Unfortunately, the cox.zph() function doesn’t handle tt
definititions.
Overidentification
In an overidentified Cox proportional hazards model, where there are more predictors than events, the prediction interval for survival times will typically be wider than in a model that is not overidentified. This is because the uncertainty in the estimated regression coefficients is greater in an overidentified model, leading to wider confidence intervals for the hazard ratios.
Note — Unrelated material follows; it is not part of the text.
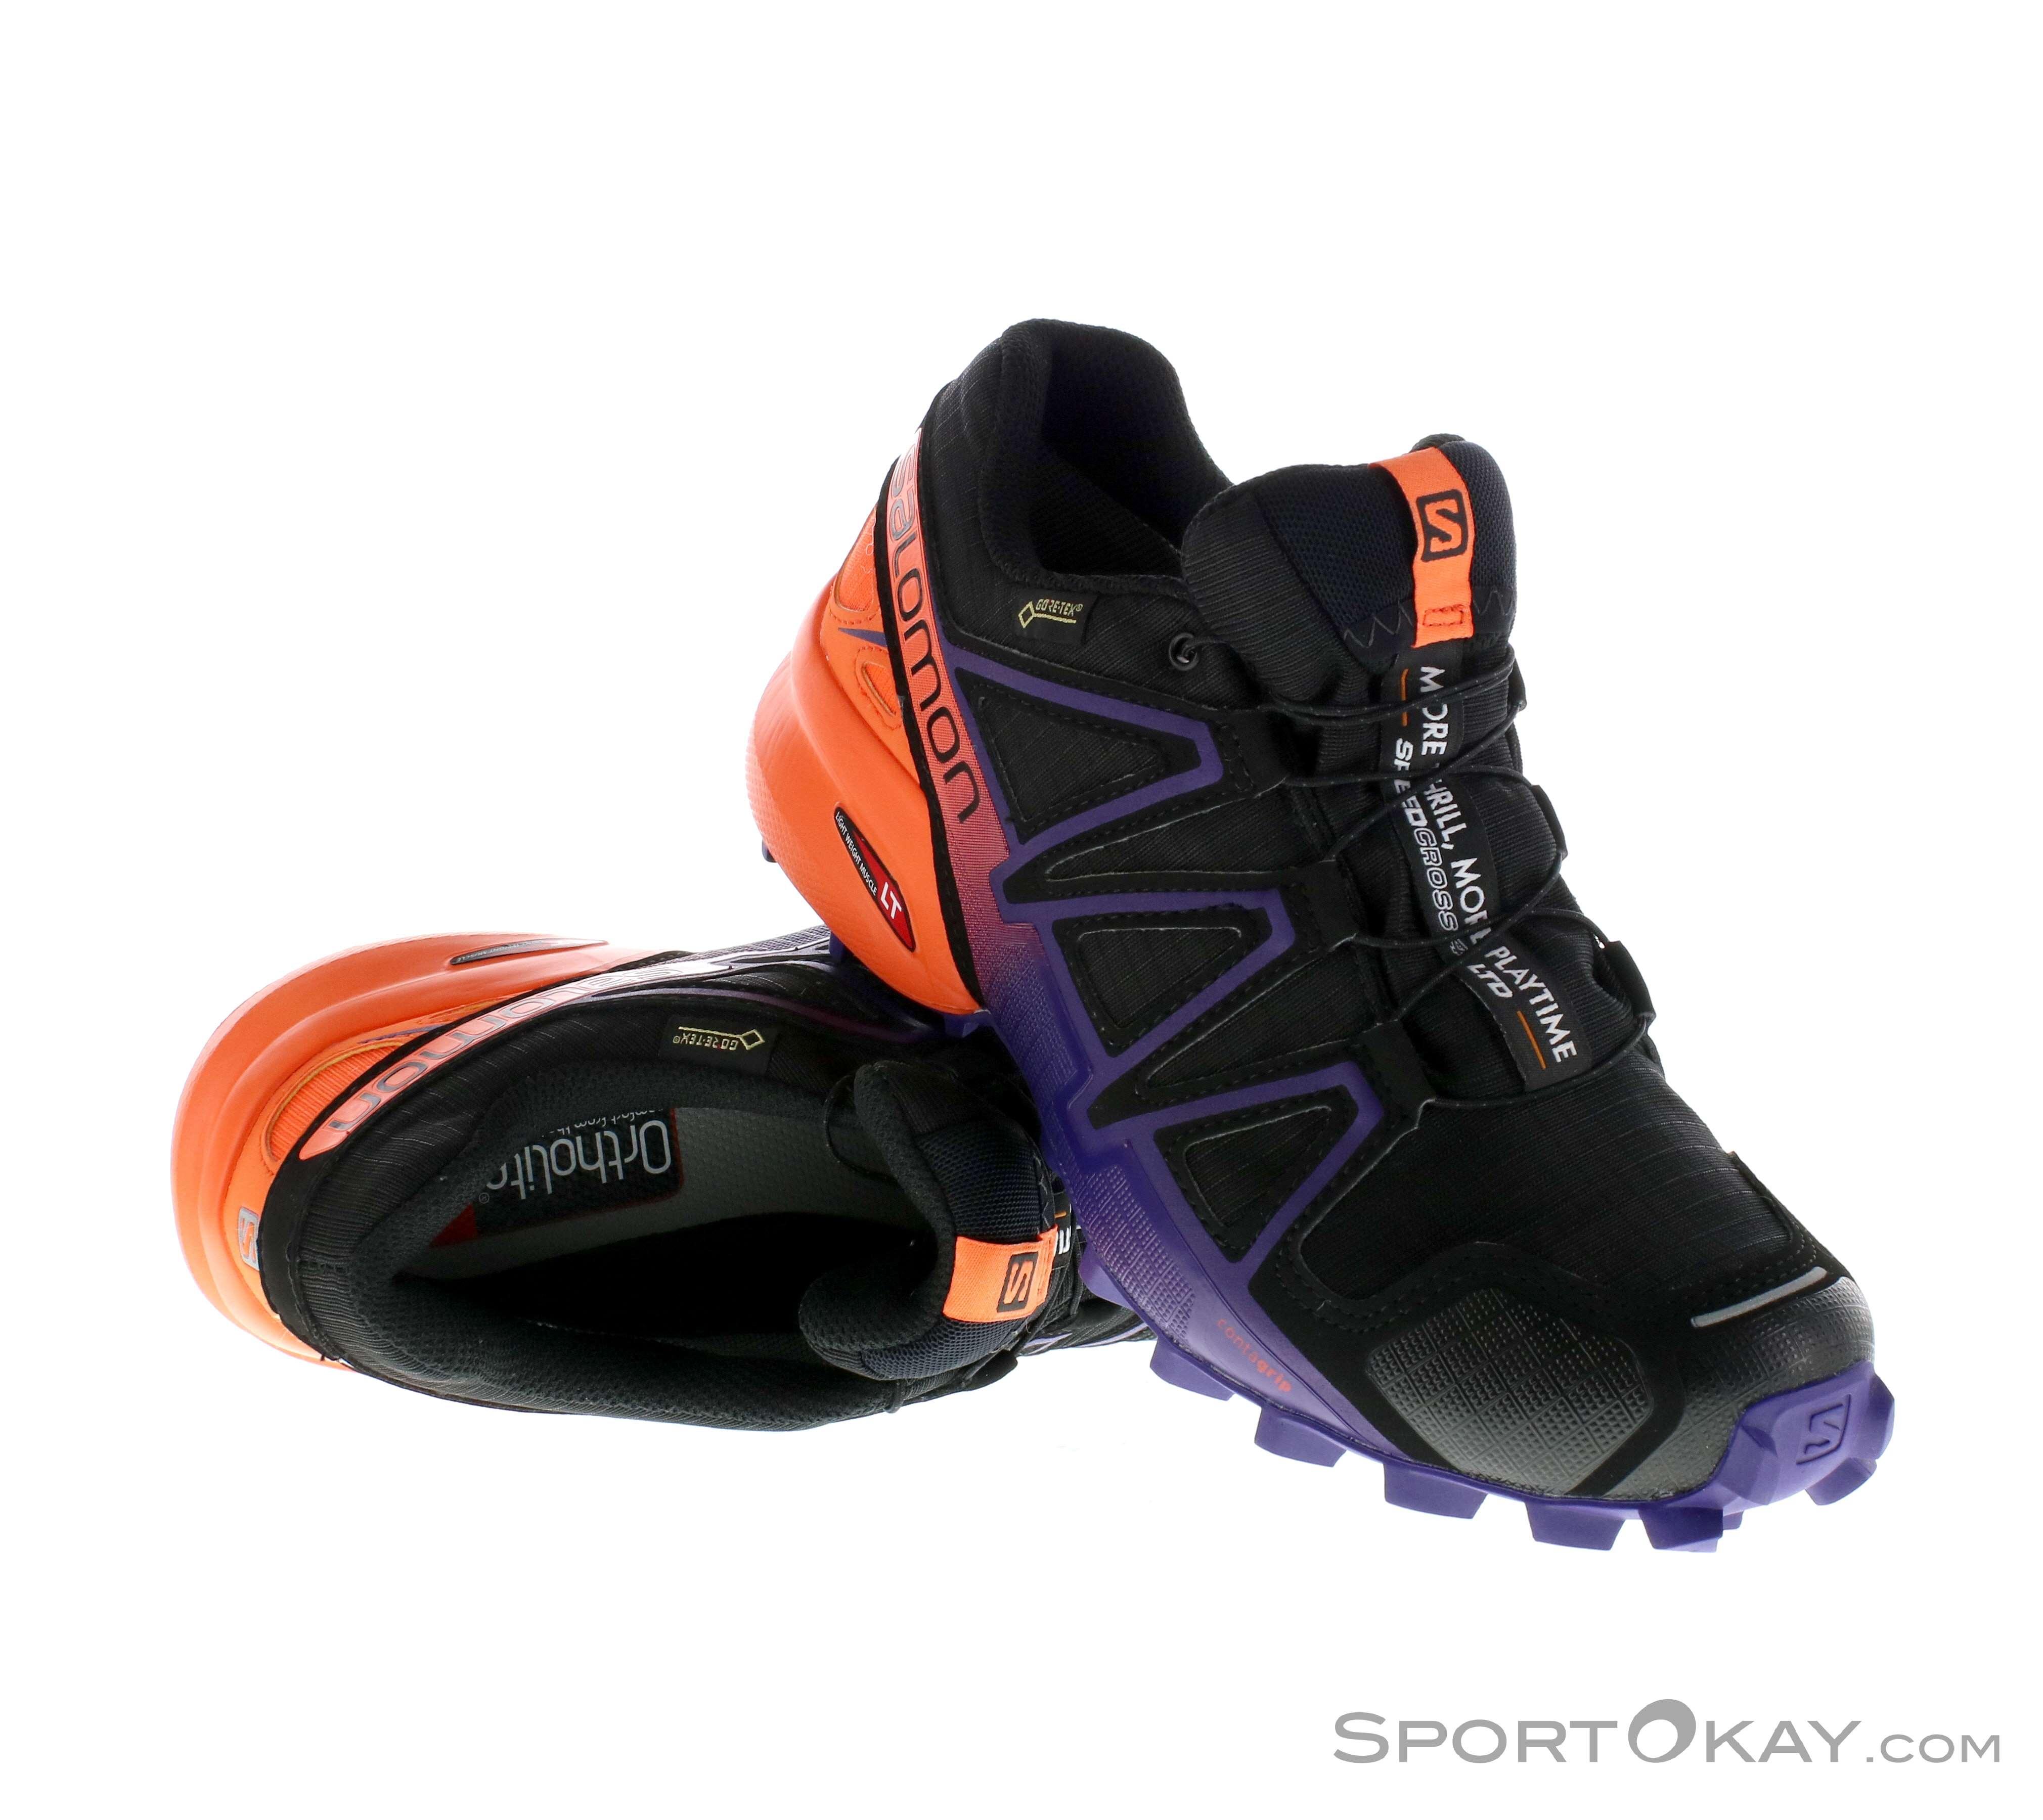 6c10f0a0fdaae8 Salomon Speedcross 4 GTX Damen Traillaufschuhe Gore-Tex ...

The prediction interval is a measure of the uncertainty in the predicted survival time for a given individual, taking into account both the uncertainty in the estimated regression coefficients and the variability in the baseline hazard function. In an overidentified Cox model, the prediction interval will be wider because there is greater uncertainty in the estimated regression coefficients, which in turn affects the predicted survival times.